To replace the United Nations Millennium Development Goals, in 2015, the UN adopted the Agenda for Sustainable Development. In doing so they set down no less than 17 goals and 169 targets to be achieved by 2030. In adopting these goals and targets the UN set out a supremely ambitious and transformational vision. It envisages a world free of poverty, hunger, disease and want, where all life can thrive; a world free of fear and violence; a world with universal literacy; a world with equitable and universal access to quality education at all levels, to health care and social protection, where physical, mental and social well-being are assured; a world with universal access to safe drinking water and sanitation and where there is improved hygiene and where food is sufficient, safe, affordable and nutritious; a world where human habitats are safe, resilient and sustainable and where there is universal access to affordable, reliable and sustainable energy. The new Goals and targets became effective in January 1, 2016.
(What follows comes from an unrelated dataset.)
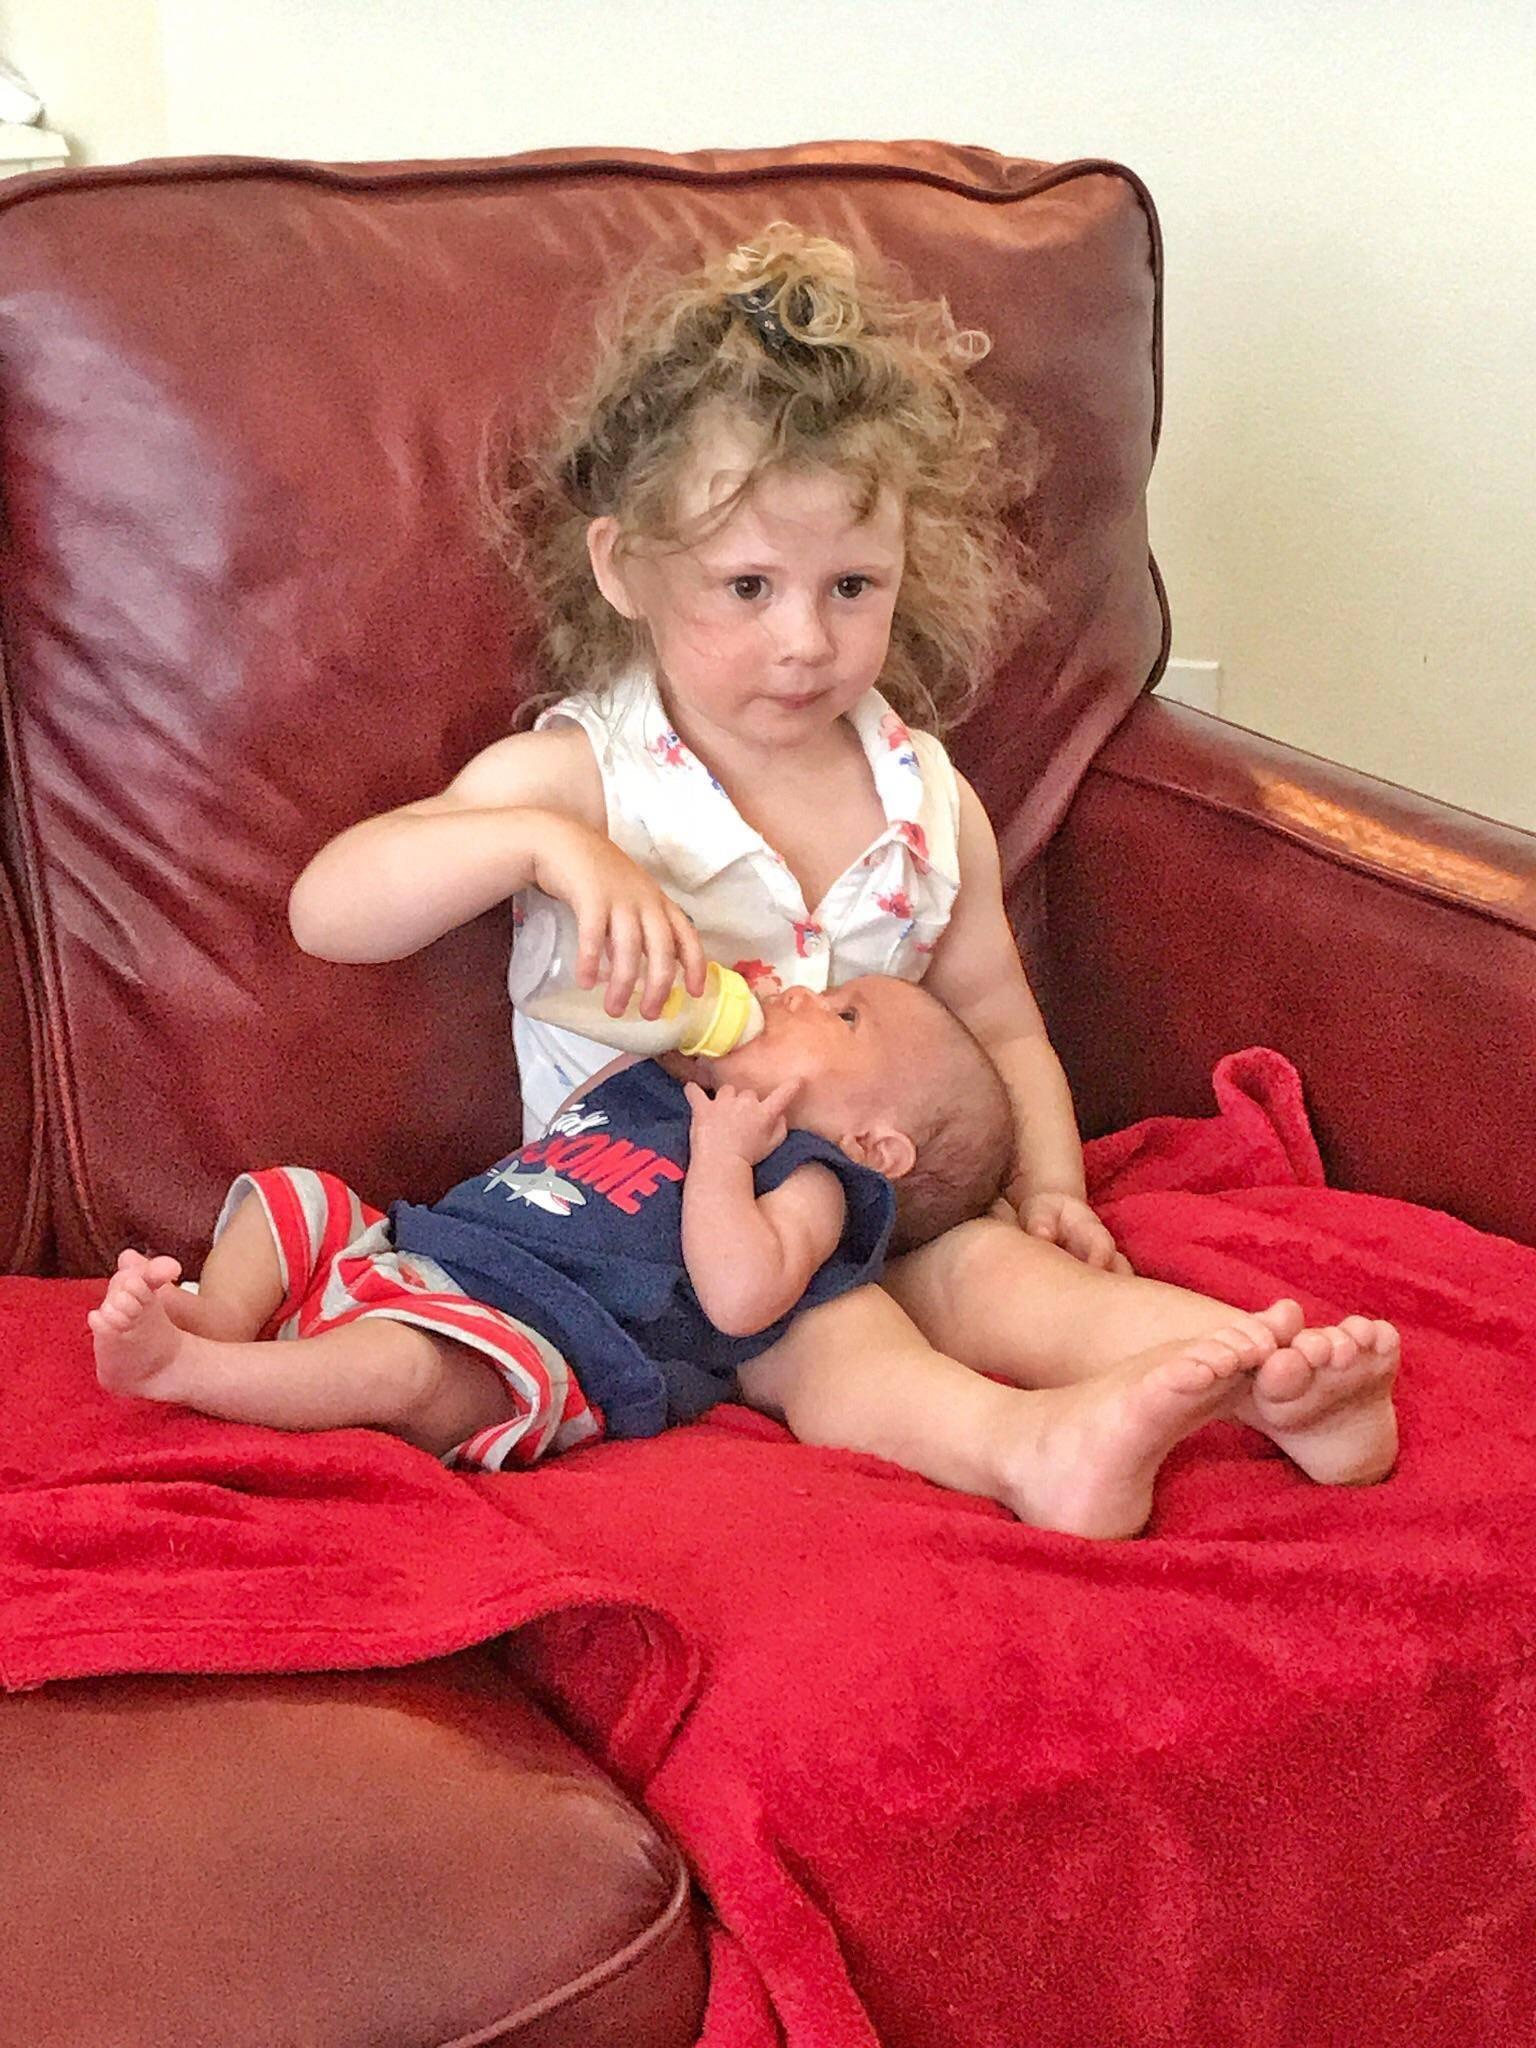 Можно ли шлепать ребенка? - нужно ли шлепать ребенка - запись пользователя ▲▲▲ алсу фотограф ▲▲▲&spades (alekc) в дневнике - babyblog.ru

GOAL 1 End poverty in all its forms everywhere

GOAL 2 End hunger, achieve food security and improved nutrition and promote sustainable agriculture

GOAL 3 Ensure healthy lives and promote well-being for all at all ages

GOAL 4 Ensure inclusive and equitable quality education and promote lifelong learning opportunities for all

GOAL 5 Achieve gender equality and empower all women and girls

GOAL 6 Ensure availability and sustainable management of water and sanitation for all

GOAL 7 Ensure access to affordable, reliable, sustainable and modern energy for all

GOAL 8 Promote sustained, inclusive and sustainable economic growth, full and productive employment and decent work for all

GOAL 9 Build resilient infrastructure, promote inclusive and sustainable industrialisation and foster innovation

GOAL 10 Reduce inequality within and among countries

GOAL 11 Make cities and human settlements inclusive, safe, resilient and sustainable

GOAL 12 Ensure sustainable consumption and production patterns

GOAL 13 Tale urgent action to combat climate change and its impacts

GOAL 14 Conserve and sustainably use the oceans, seas and marine resources for sustainable development

GOAL 15 Protect, restore and promote sustainable use of terrestrial ecosystems, sustainably manage forests, combat desertification, and halt and reverse land degradation and halt biodiversity loss

GOAL 16 Promote peaceful an inclusive societies for sustainable development, provide access to justice for all and build effective, accountable and inclusive institutions for all

GOAL 17 Strengthen the means of implementation and revitalise the Global Partnership for Sustainable Development

GAOL 18 Promote effective, accountable and transparent government and ensure justice and the rule of law applies to all

Sadly this 18th Goal, and fundamentally the most important of all in speeding up development, was omitted from the final version at the insistence of African leaders. Wonder why!